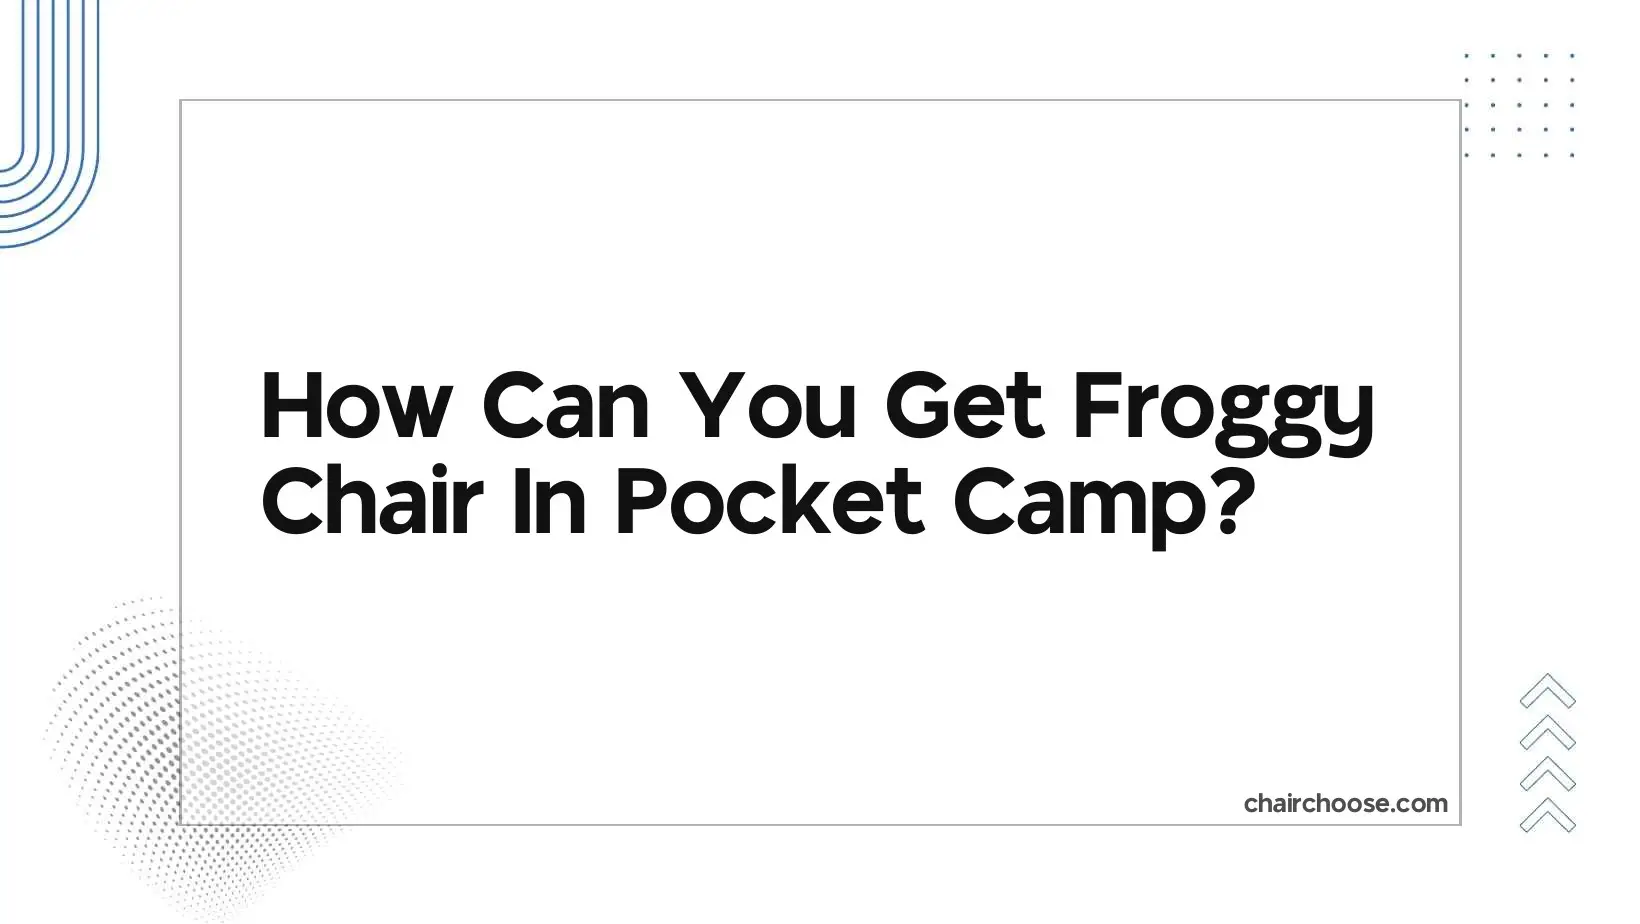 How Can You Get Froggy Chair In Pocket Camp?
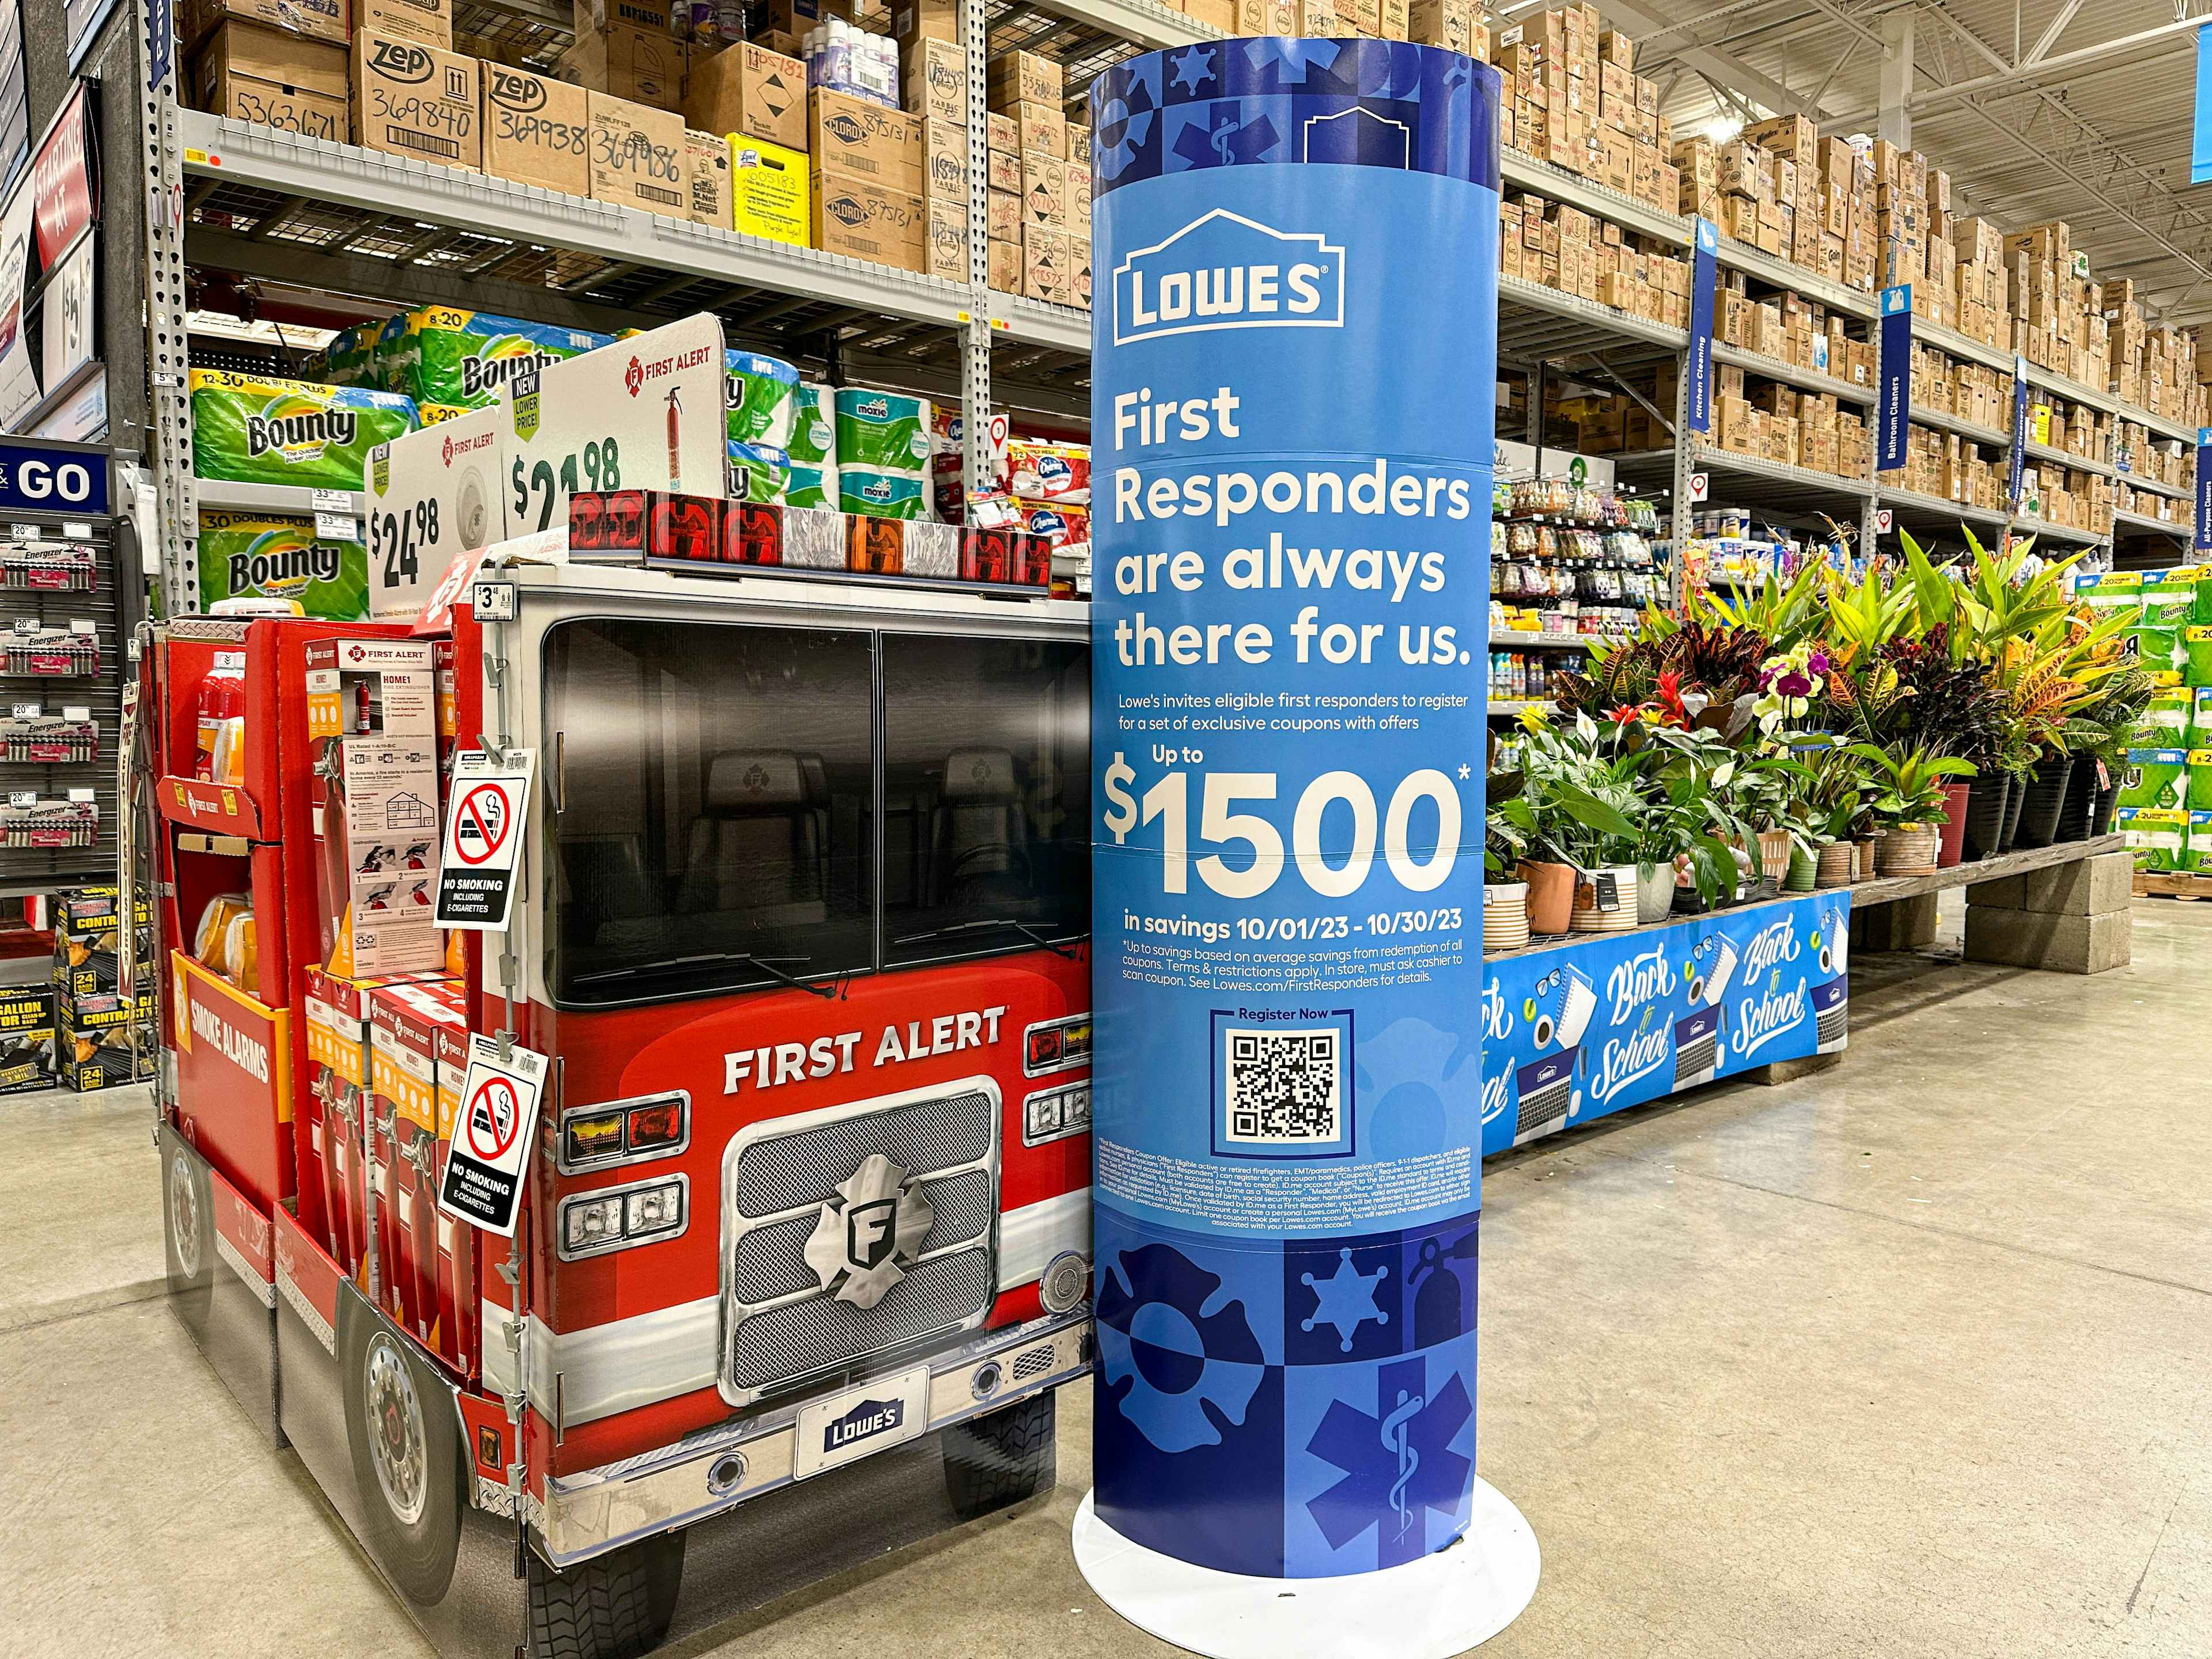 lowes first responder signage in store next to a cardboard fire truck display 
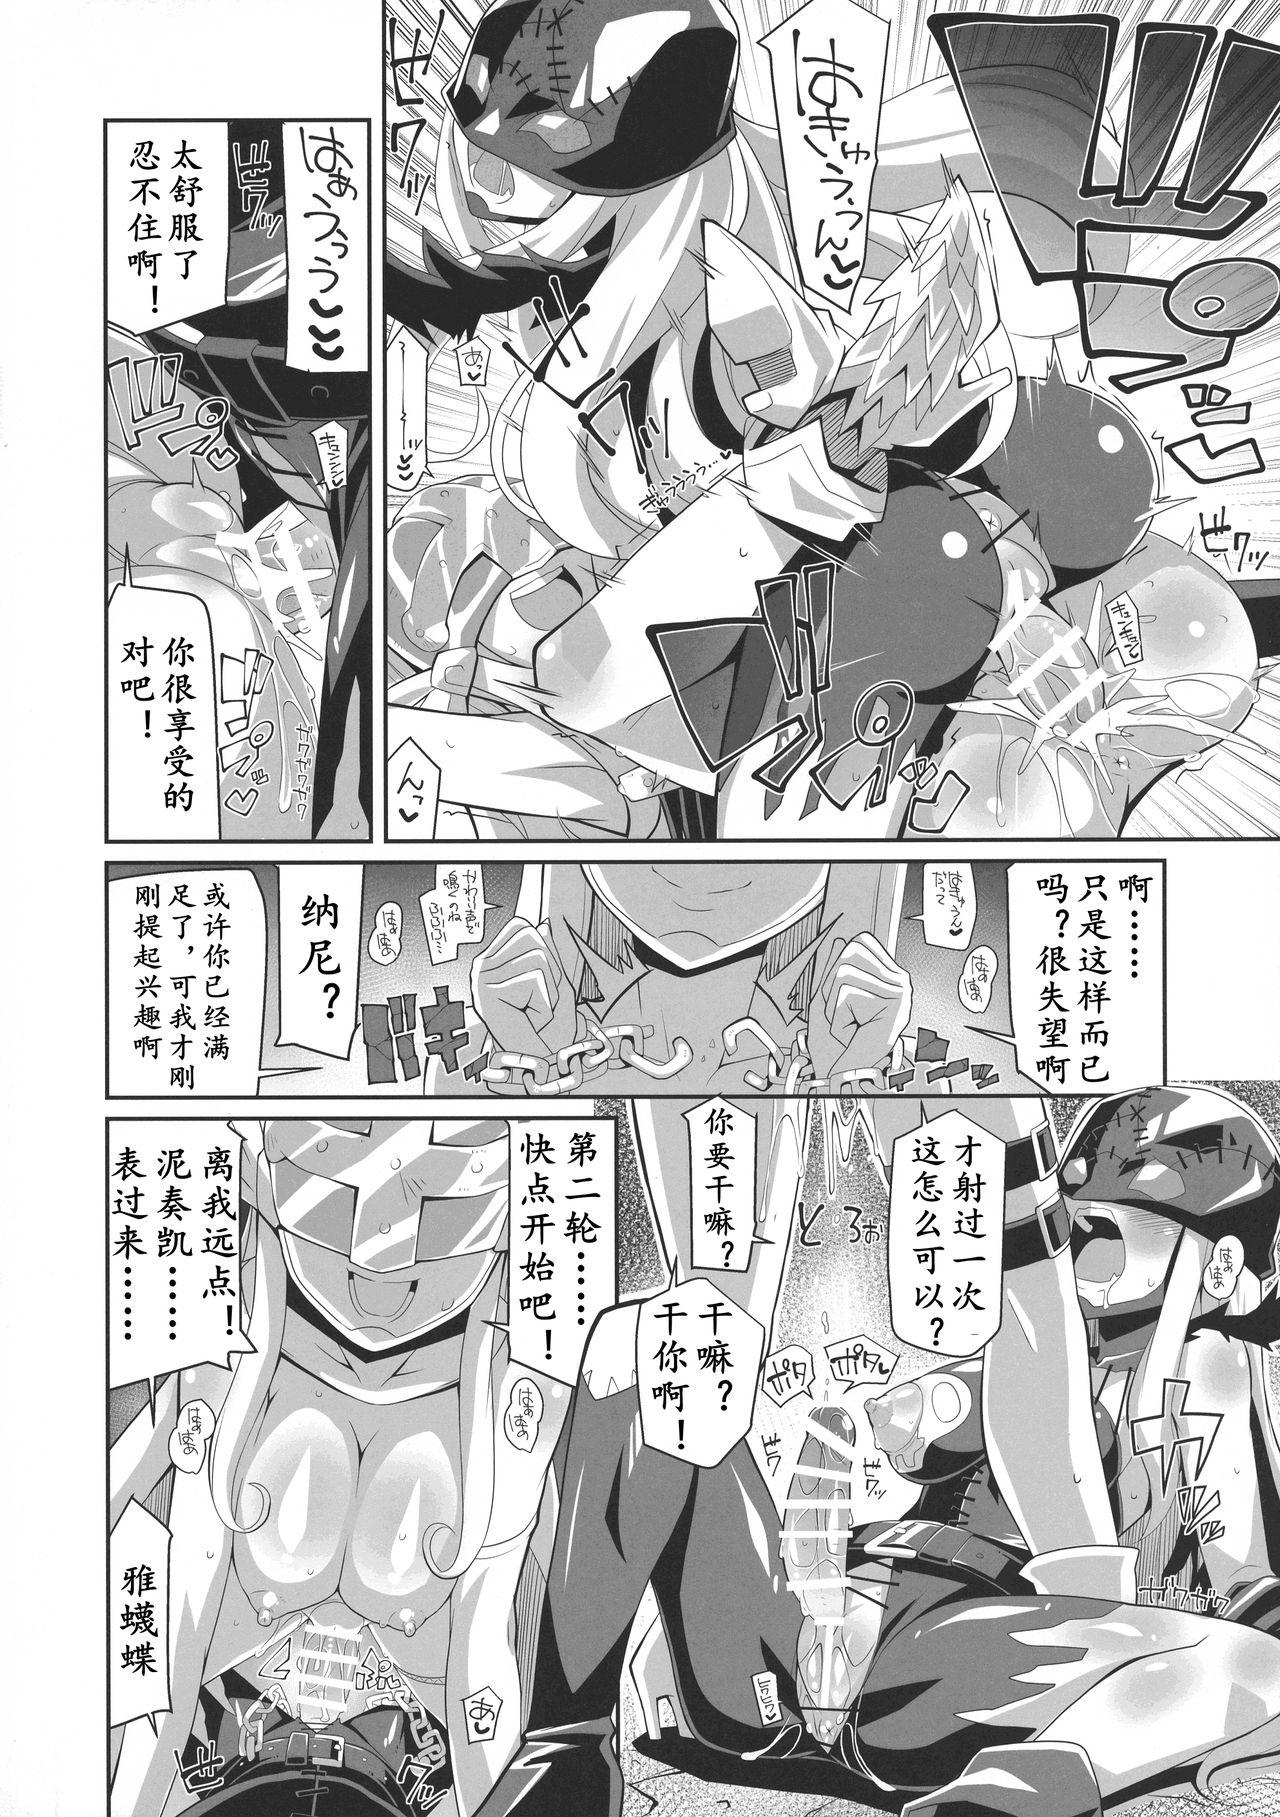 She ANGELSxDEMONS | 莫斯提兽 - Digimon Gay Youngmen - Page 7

> **Work to be completed**: What you give back must match the material word for word, with no images included.

> **Solution to this exercise**:
 How Can You Get Froggy Chair In Pocket Camp?
 lowes first responder signage in store next to a cardboard fire truck display 
 She ANGELSxDEMONS | 莫斯提兽 - Digimon Gay Youngmen - Page 7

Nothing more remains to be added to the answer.